The Energy Department is walking away from FutureGen, a public-private effort to create a power plant that traps and stores carbon emissions, which began but faltered under President George W. Bush and was revived by the Obama administration.
DOE is yanking funding for the project that was authorized to receive $1.1 billion in funding via the 2009 stimulus law, though the bulk was never spent.
Bush, who proposed FutureGen in 2003, envisioned a pioneering plant that would demonstrate sophisticated technology that uses coal cleanly on a commercial scale. Since then, other projects designed to trap power-plant emissions have begun moving ahead, though large-scale carbon capture remains far from widespread commercial deployment in the electricity sector.
"The U.S. Department of Energy has directed the suspension of FutureGen 2.0 project development activities.

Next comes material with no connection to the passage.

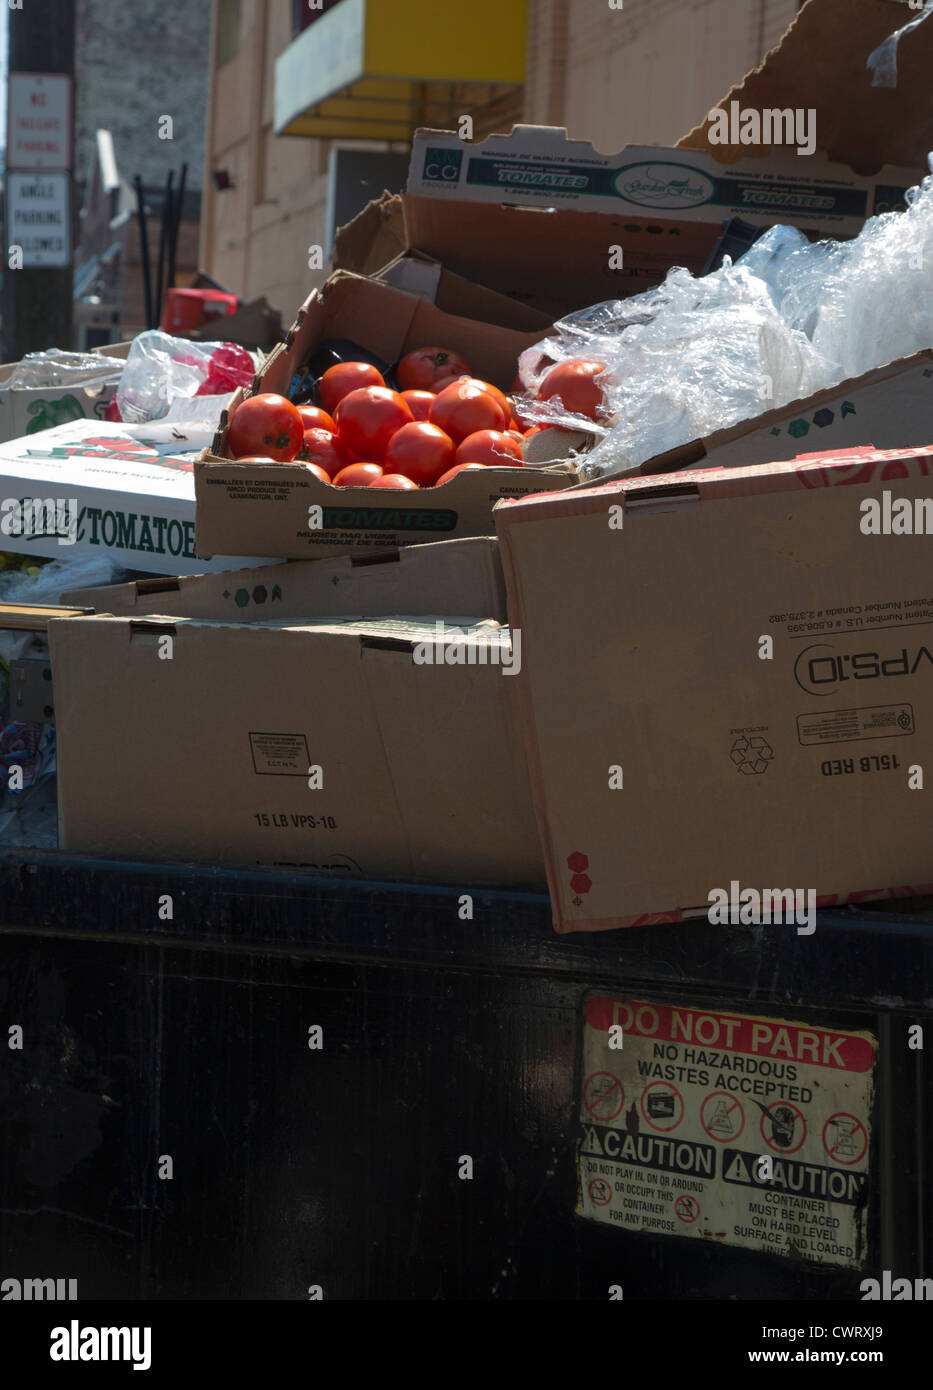 Detroit, Michigan - Tomaten in eine Mülltonne am osteuropäischen Markt, einen großen Wochenmarkt in der Nähe von Downtown Detroit geworfen. Stockfoto
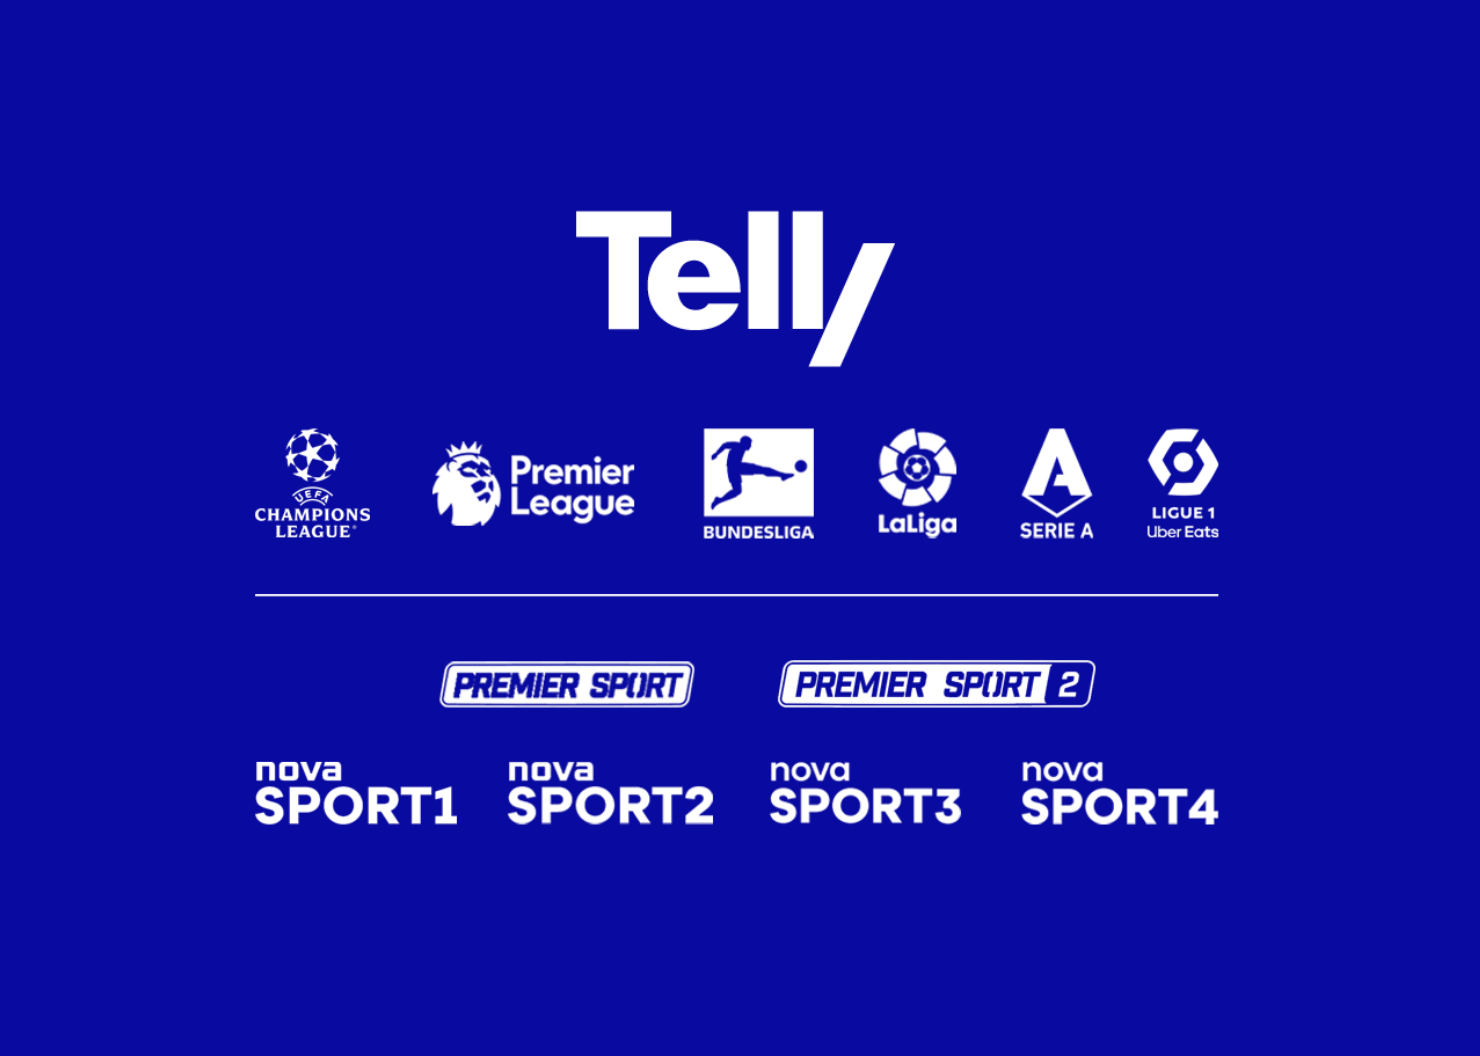 Telly má ve své nabídce nejprestižnější ligy světa včetně Serie A živě

The DOE has concluded that there is insufficient time to complete the project before federal funding expires in September 2015," said Ken Humphreys, CEO of the FutureGen Alliance, the private-industry side of the initiative.
"In order to best protect taxpayer interests, the Department of Energy has initiated a structured closeout of federal support for the project that will help maximize the value of investments to date while minimizing ongoing risks and further costs," DOE spokesman Bill Gibbons said.
The Bush administration shelved FutureGen in 2008 as costs soared for the project, which was slated for construction in Illinois. The Obama administration later reimagined and revived FutureGen as a scaled-back project to retrofit an existing plant.